**INSTRUCTIONS TO FOLLOW**: Leave the pictures out. Retype exactly the lines below from the one containing "Sydney Australia view" through the one containing "Neue Justiz (NJ), Zeitschrift", and no others.

**MATERIAL SHOWN**:
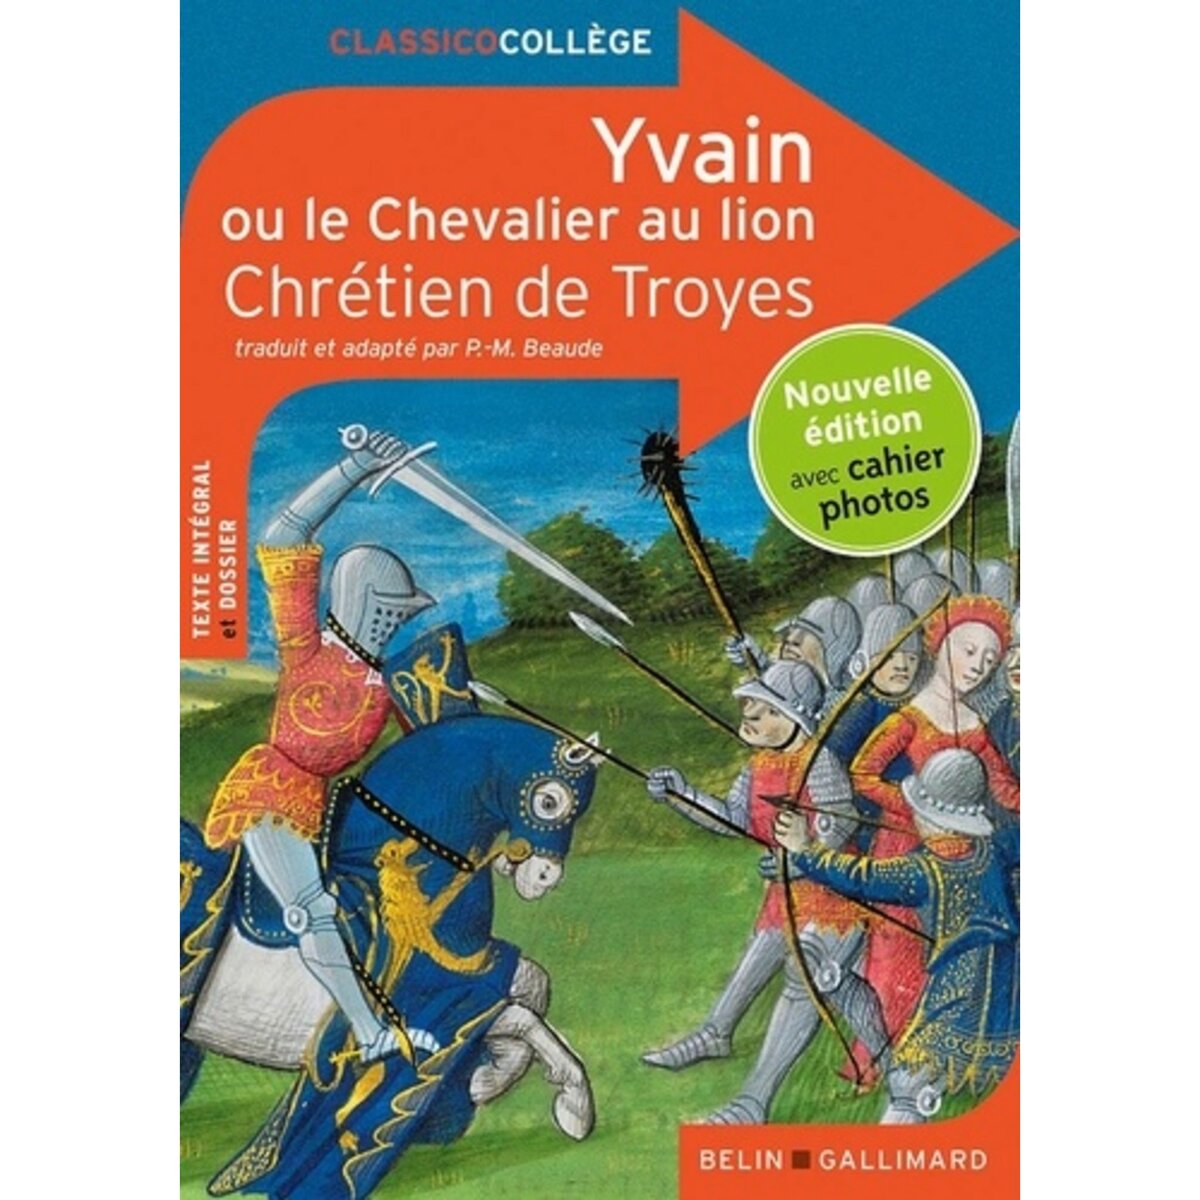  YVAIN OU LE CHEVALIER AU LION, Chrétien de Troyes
--
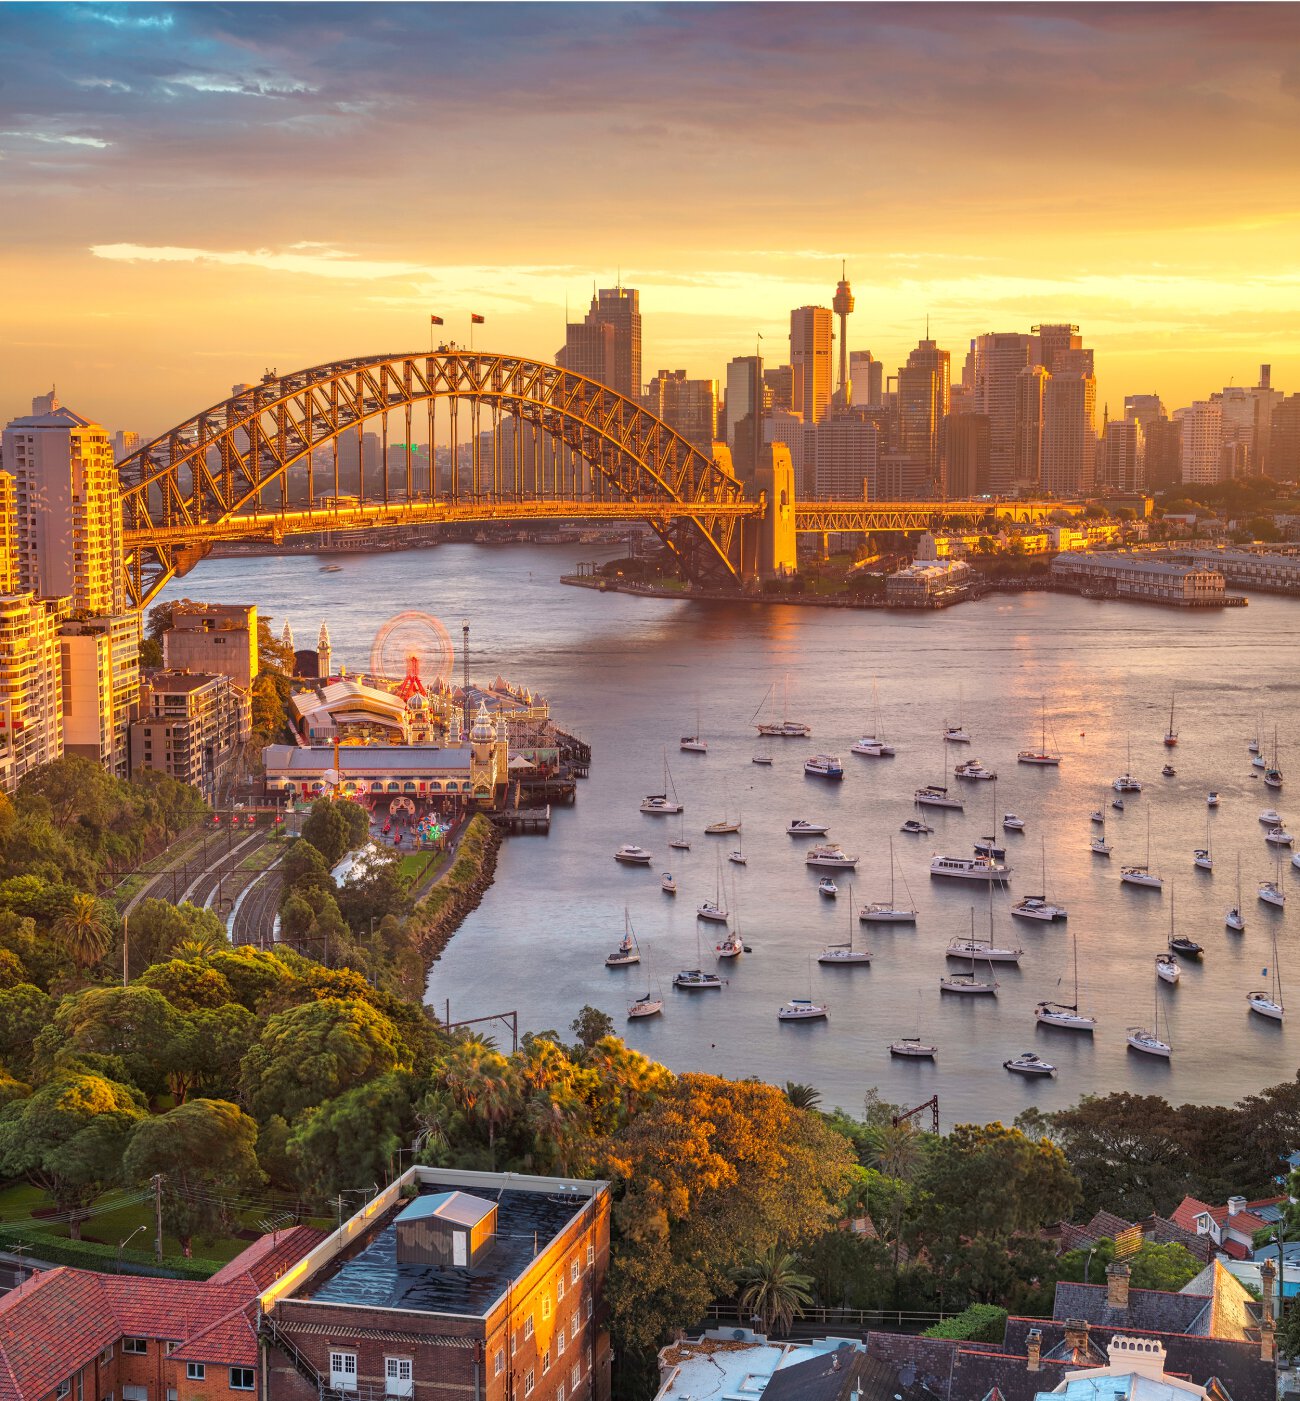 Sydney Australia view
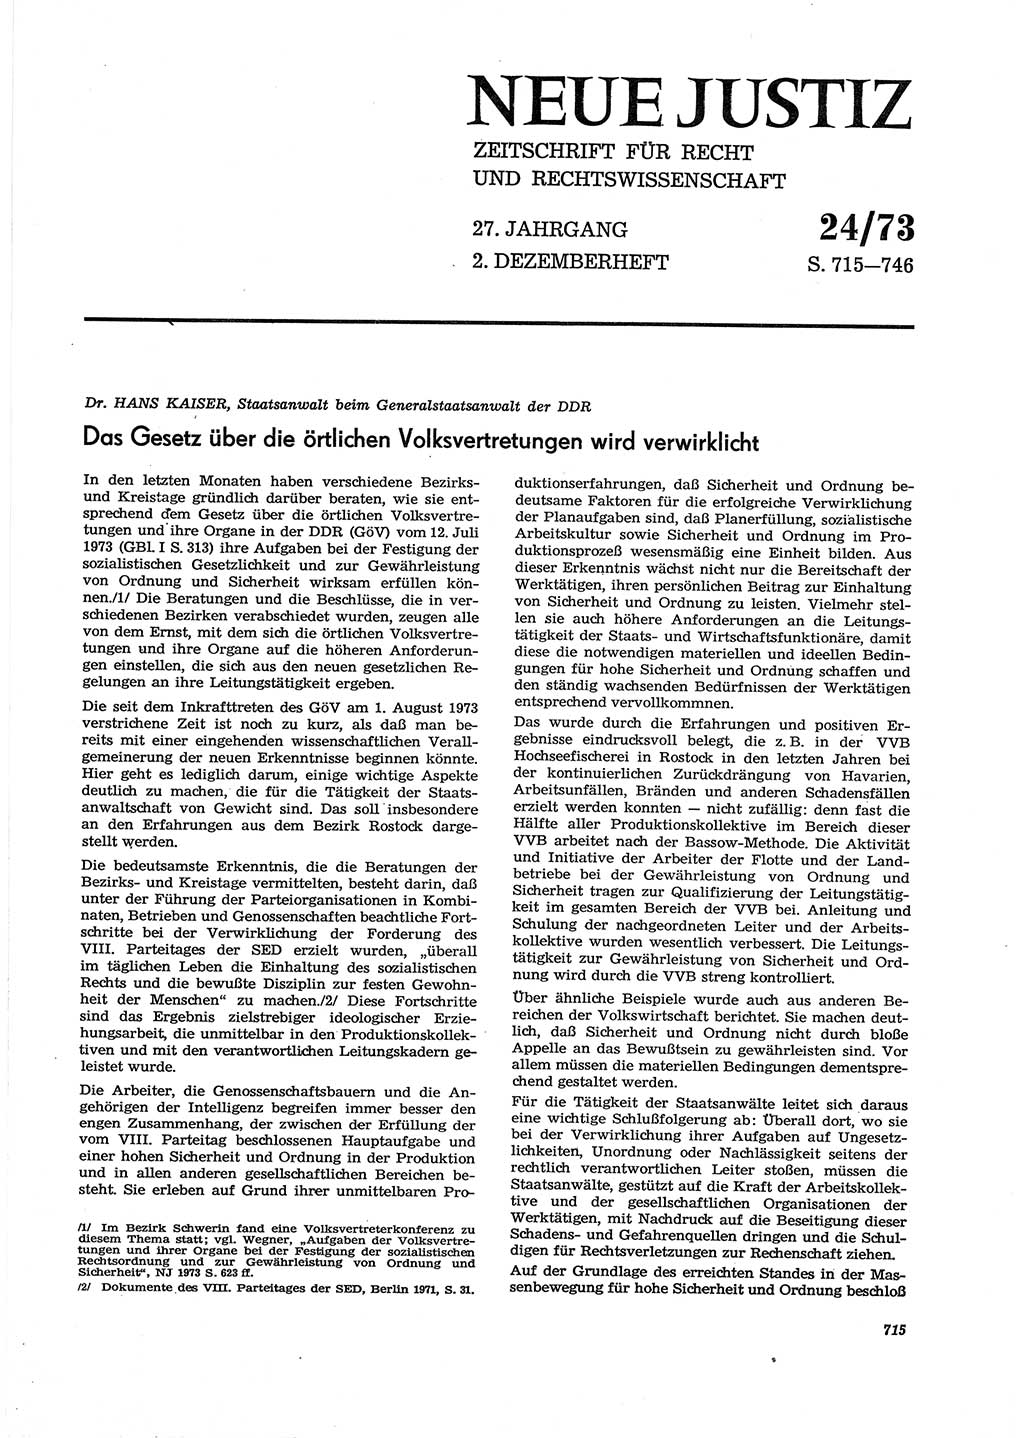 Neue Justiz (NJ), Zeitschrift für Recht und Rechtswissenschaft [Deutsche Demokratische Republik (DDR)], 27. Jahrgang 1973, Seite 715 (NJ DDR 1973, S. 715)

**RESULT**:
 Sydney Australia view
 Neue Justiz (NJ), Zeitschrift für Recht und Rechtswissenschaft [Deutsche Demokratische Republik (DDR)], 27. Jahrgang 1973, Seite 715 (NJ DDR 1973, S. 715)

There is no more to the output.